Assessment of trends in global air pollution requires comprehensive information on concentrations over time for every country. This information is primarily based on ground monitoring (GM) from 9690 monitoring locations around the world from the WHO cities database for 2010–2016. However, there are regions in this may be limited if not completely unavailable, particularly for earlier years (see Supplementary Information). Even in countries where GM networks are well established, there will still be gaps in spatial coverage and missing data over time. The Data Integration Model for Air Quality (DIMAQ) supplements GM with information from other sources including estimates of PM2.5 from satellite retrievals and chemical transport models, population estimates and topography (e.g., elevation). Specifically, satellite-based estimates that combine aerosol optical depth retrievals with information from the GEOS-Chem chemical transport model 29 were used, together with estimates of sulfate, nitrate, ammonium, organic carbon and mineral dust 30 .

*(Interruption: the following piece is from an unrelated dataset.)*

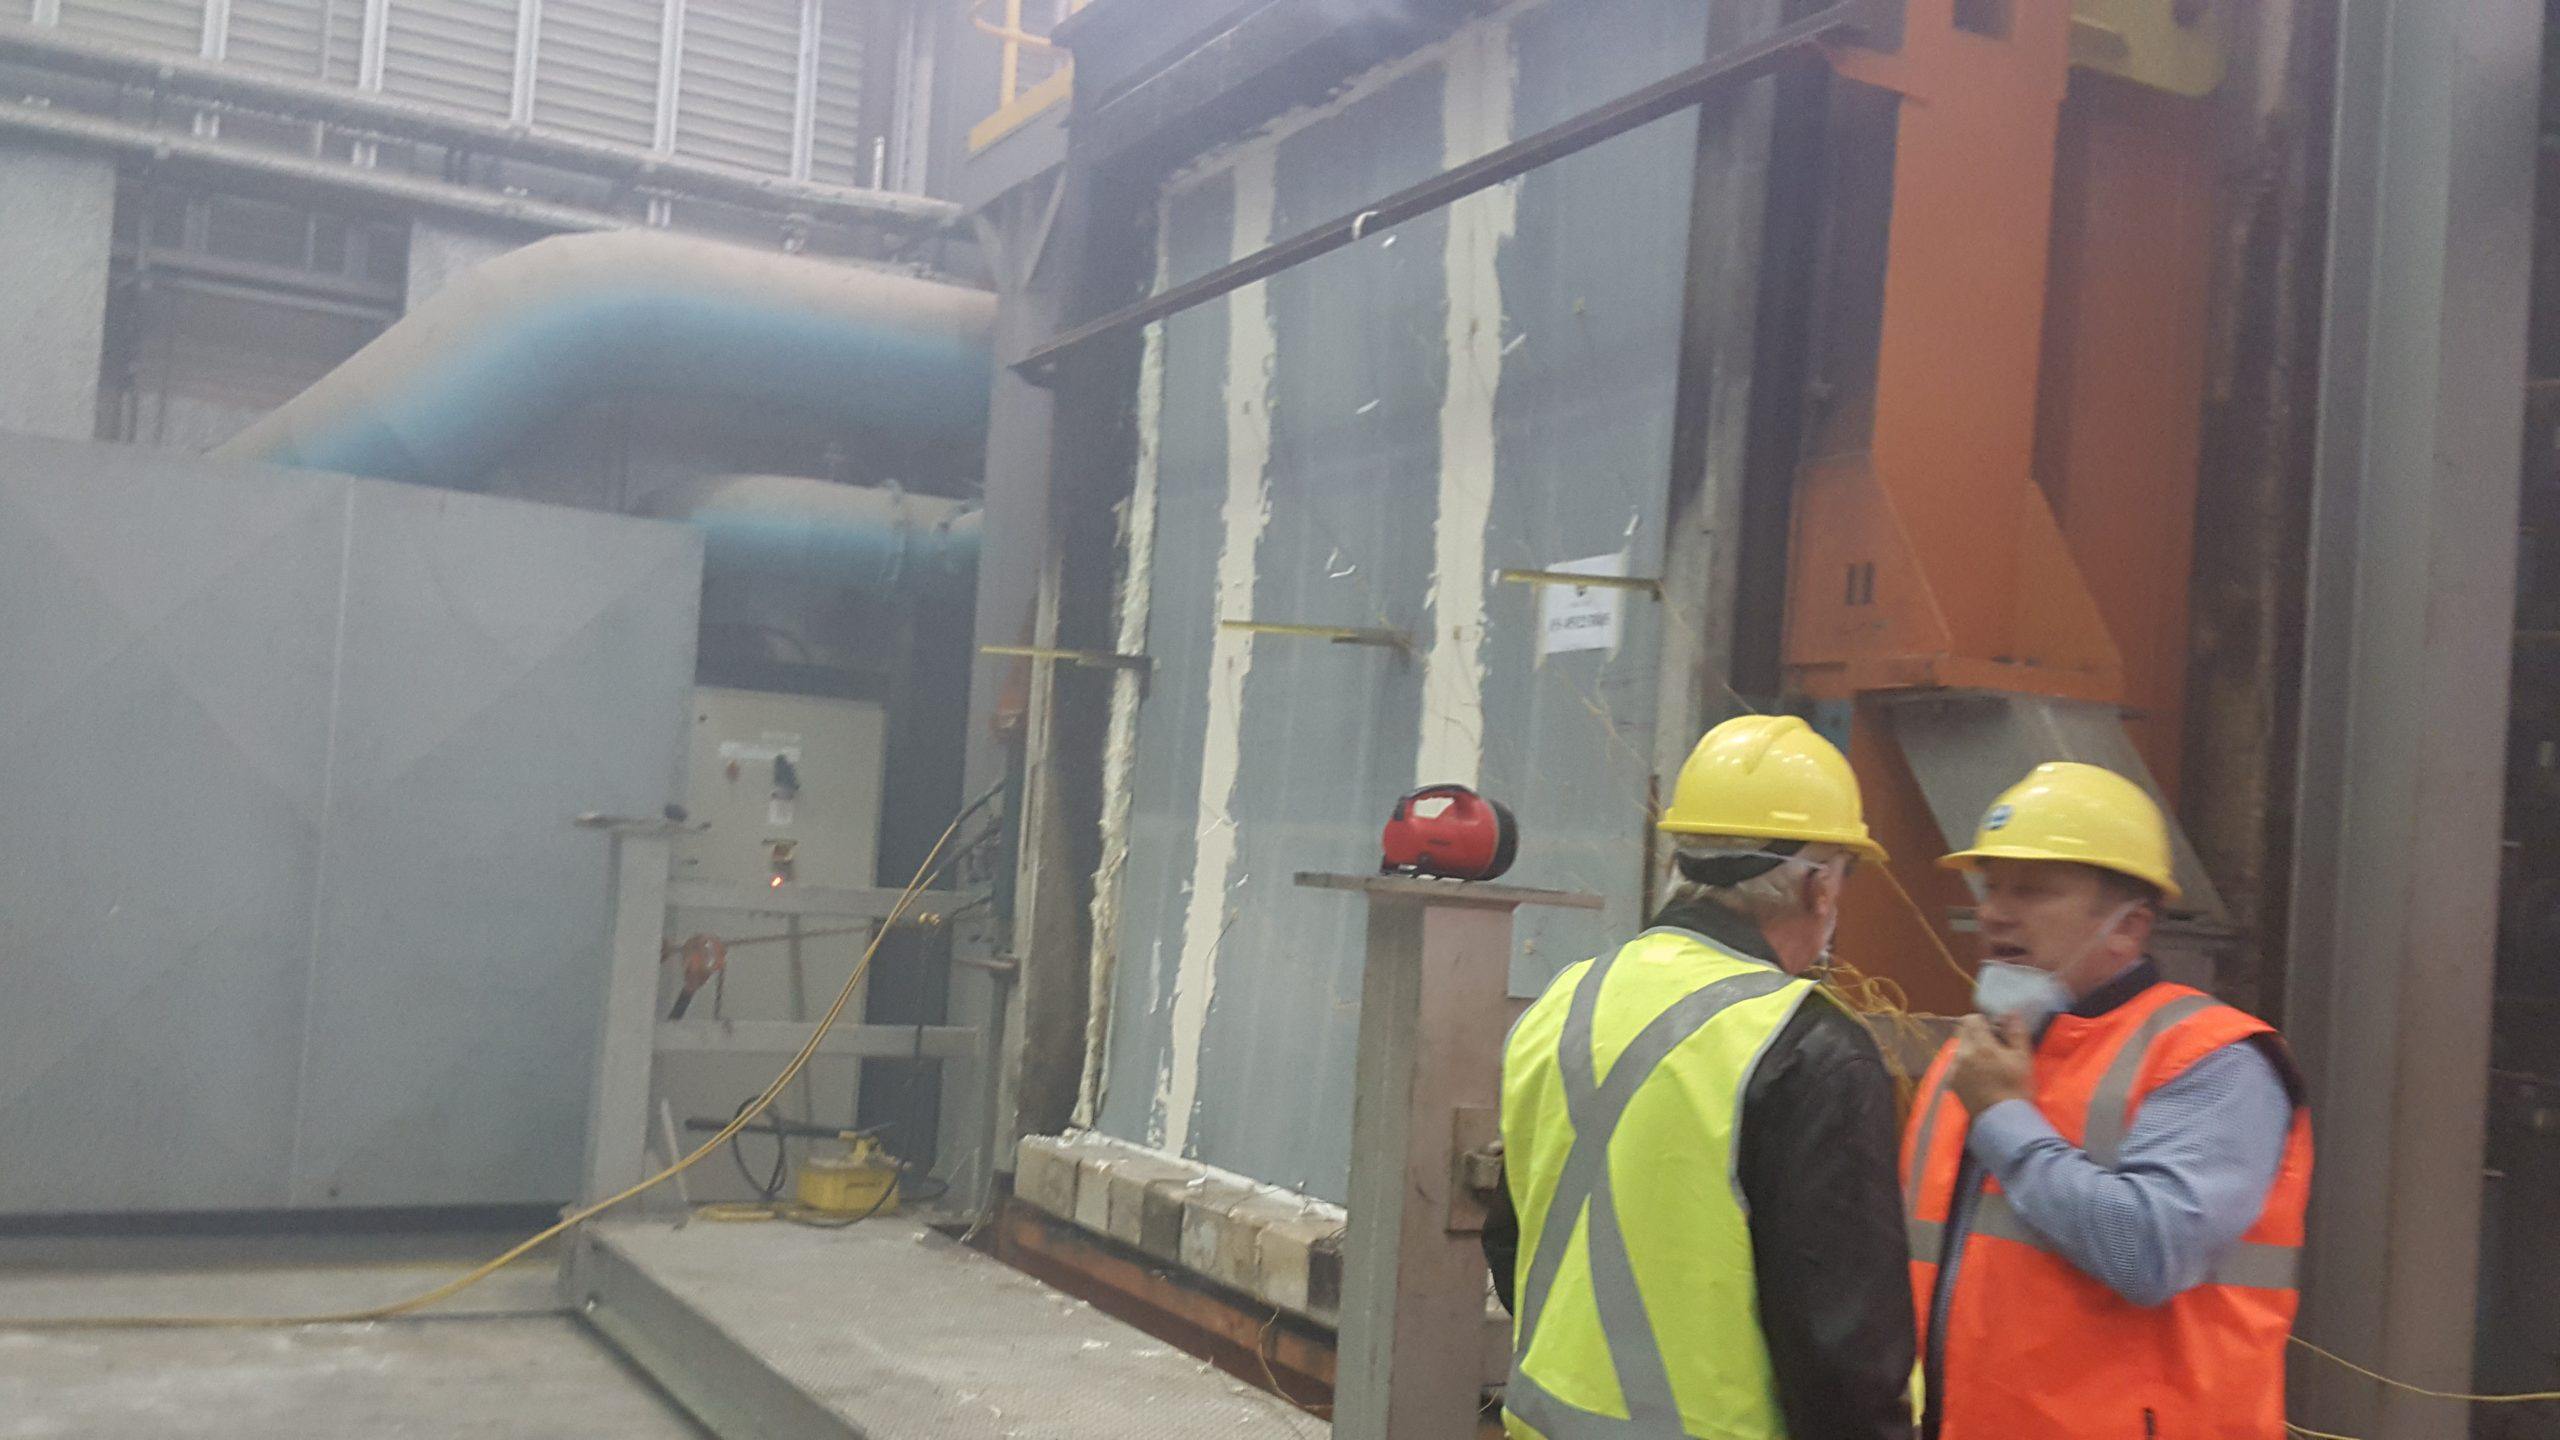 FireCrunch Fire Wall Test Centre CSIRO North Ryde - NSW FireCrunch Certification Testing
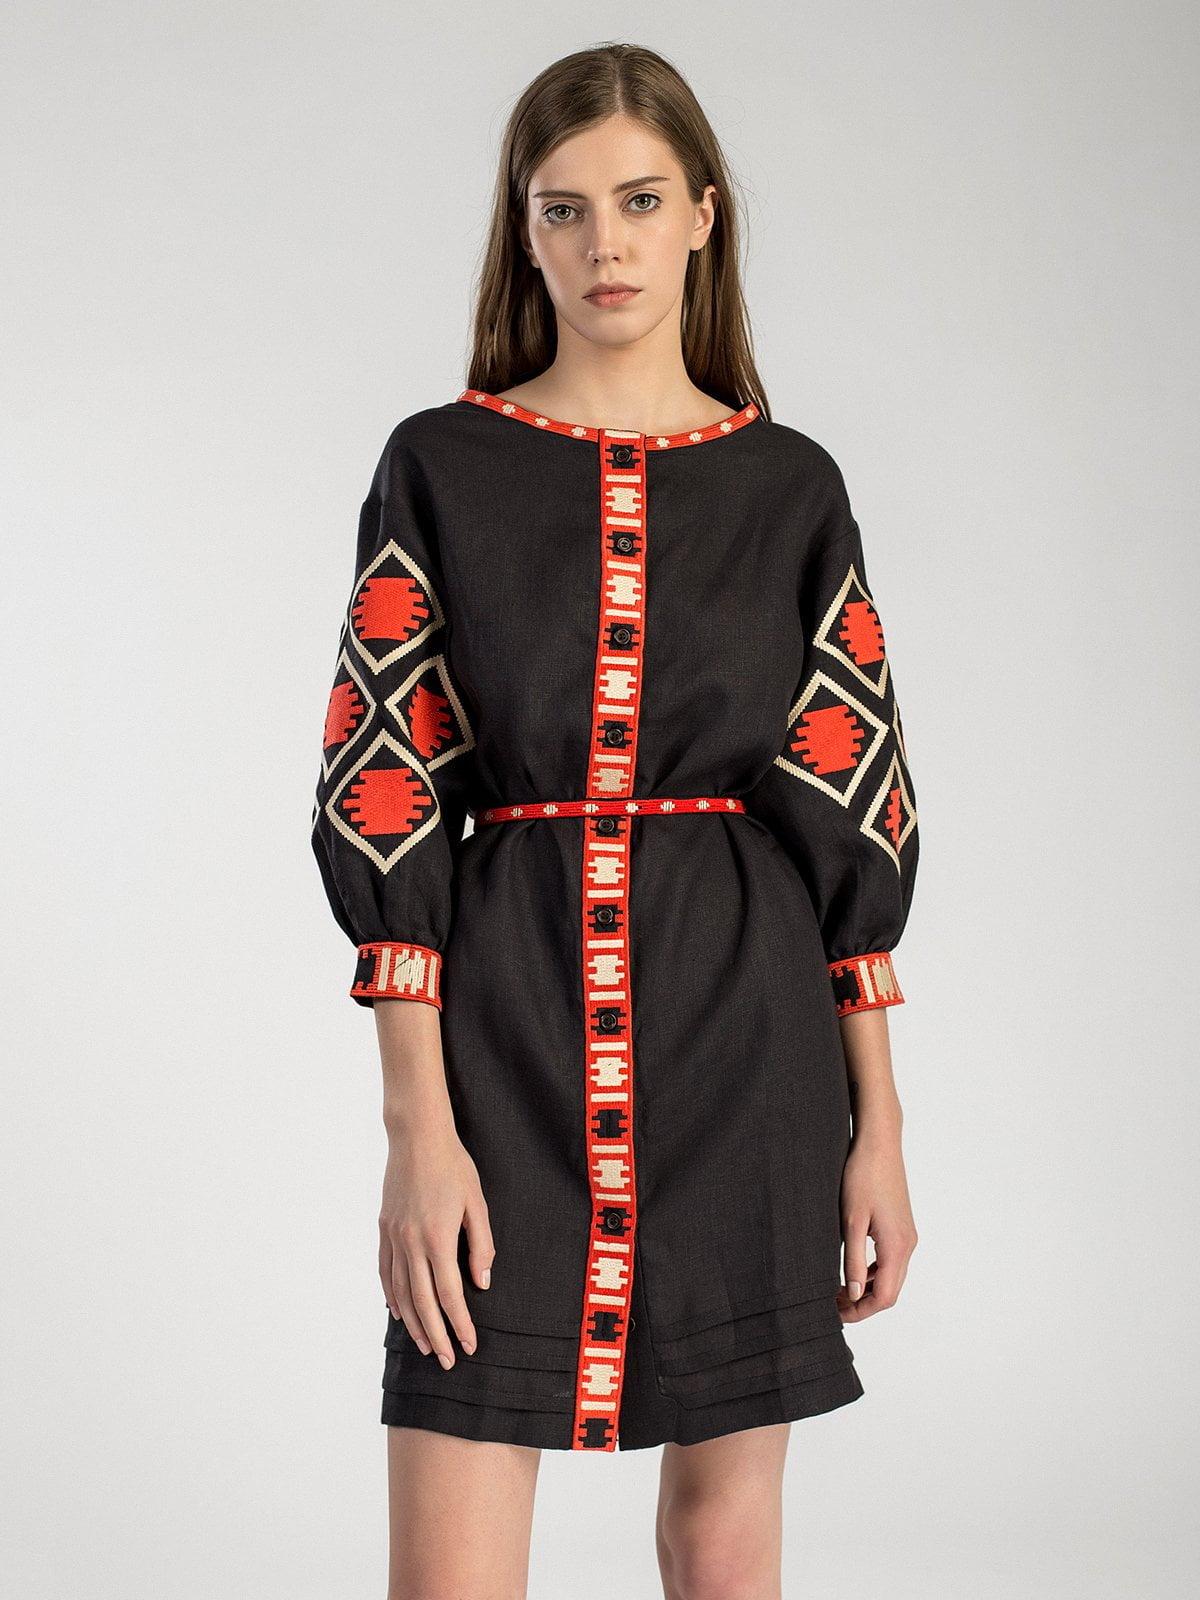 Льняна вишита сукня чорного кольору на гудзиках MD19 – купити в ... 3d35761e145dc

The most recent release of the WHO ambient air quality database, for the first time, contains data from GM for multiple years, where available The version of DIMAQ used here builds on the original version 11 , 30 by allowing data from multiple years to be modelled simultaneously, with the relationship between GMs and satellite-based estimates allowed to vary (smoothly) over time. The result is a comprehensive set of high-resolution (10 km × 10 km) estimates of PM2.5 for each year (2010–2016) for every country.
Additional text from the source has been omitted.